While the GDA and GUSA have been working to convince the administration that these problems are widespread, the ARC, which provides academic support for students on campus, has been working to adjust to an online learning environment and assist students in need.
“The Academic Resource Center (ARC) has adapted to a virtual environment since the shift to online learning in March, and we are working extensively with faculty and CNDLS (Center for New Designs in Learning and Scholarship) to ensure both that students can be supported with their accommodations, and that faculty have the resources they need to build those accommodations directly into their classroom environments,”. Joseph Fisher, the executive director of the ARC, wrote in an email to the Voice.
While the ARC has adapted, they had to do so quickly and under intense circumstances. According to DeRamo, the ARC has been left understaffed after the hiring freeze announced by University President John DeGioia left multiple vacant positions. One in eight Georgetown students is registered with the ARC, according to a post on the GDA’s Facebook page.

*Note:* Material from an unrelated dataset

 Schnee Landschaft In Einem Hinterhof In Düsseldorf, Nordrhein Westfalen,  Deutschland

“The ARC is the one single institution within our university that really has the power to help keep these academic accommodations up and running,” DeRamo said. “We were all thrown into this and we’re trying to figure it out. The ARC had the added struggle of really having to figure out literally hundreds of student’s accommodations overnight.”

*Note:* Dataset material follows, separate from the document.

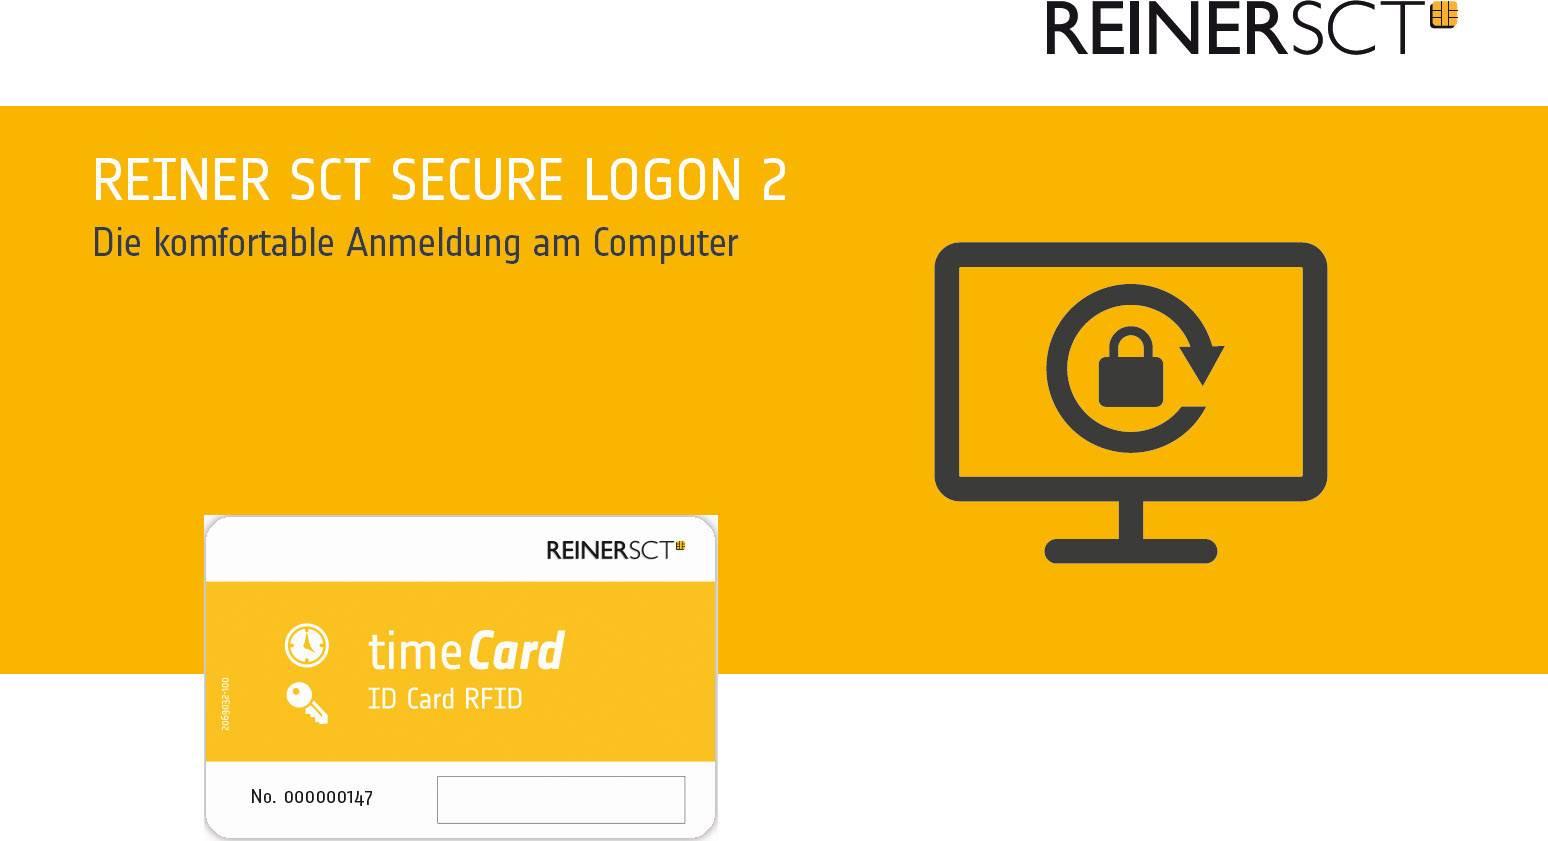 Přístupový systém do PC REINER SCT Secure Logon 2

DeRamo had nothing but praise for Fisher and his commitment to helping students. “He is leading a resource center that is, understaffed, under-resourced, and put under a ton of pressure, yet he is still just doing everything he can to try to prioritize accommodations,” DeRamo said. “Yet there are just some institutional barriers that are making these pushes for accessibility so incredibly difficult.”
The institutional barriers are ones that DeRamo thinks the Accessibility Policy Team’s work can help ease. The team has worked throughout the summer to address accommodation and accessibility issues and communicate information to the student body. DeRamo hopes that the team can assist the ARC just as it has assisted the students.

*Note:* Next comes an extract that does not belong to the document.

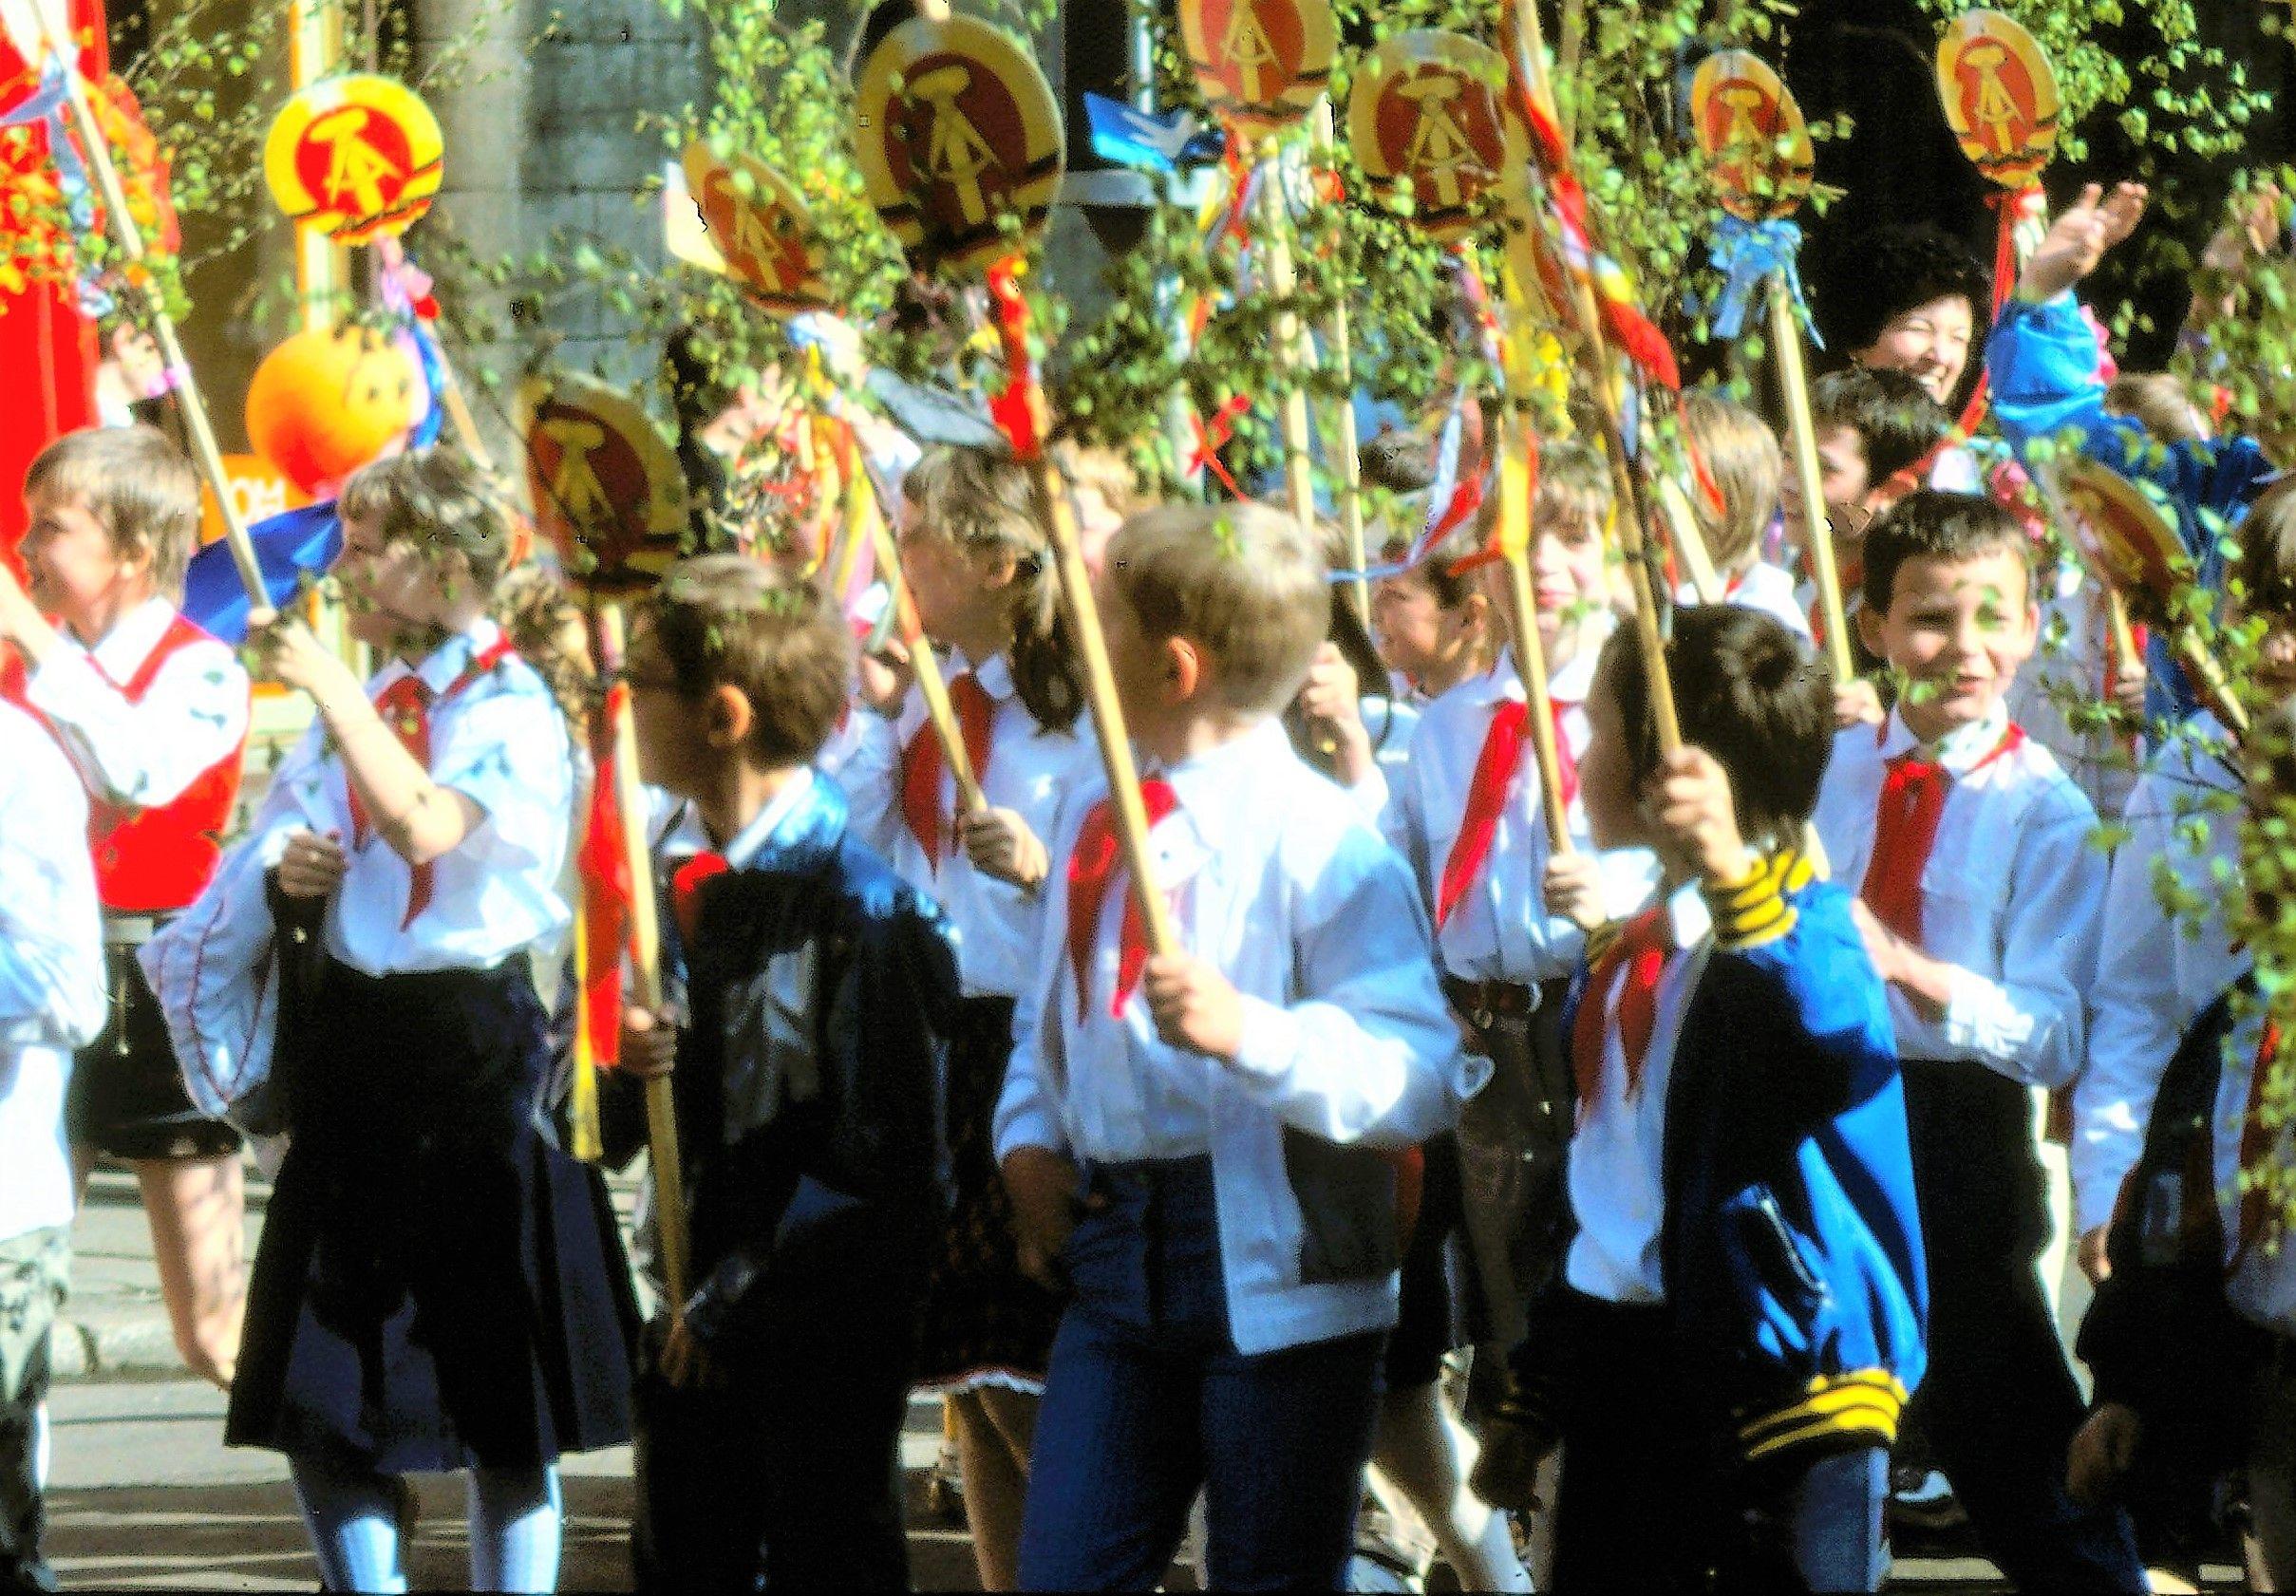 Thälmannpioniere,Jungpioniere,DDR Kinder,Freie-Deutsche-Jugend,DDR ...

“Hopefully moving forward, we can work a little bit on encouraging the university to give more resources to the ARC,” DeRamo said.
To DeRamo, these calls for accommodations and holding faculty accountable get at the core issue of the problem, which is that many professors do not understand the need for accommodations.
“I think, especially a lot of faculty that are failing to uphold accommodations, and the admin that do not think it’s an issue, are of the same mentality and that is that the academic accommodations are something extra, when in reality, they are not. Having additional time on a test is not extra time on a test. It is so the student has equal access to the test,” he said.
According to DeRamo, concerns about accessibility and disability are consistently being forgotten. With the help of advocacy from the GDA and GUSA, accommodation concerns are being brought into the larger conversations about online education and accessibility.
“This isn’t something that’s talked about very frequently. But it is something that is so incredibly important,” DeRamo said.
“We need to be educating each other and ourselves about how we can be making our campus more accessible and more welcoming to students with disabilities.”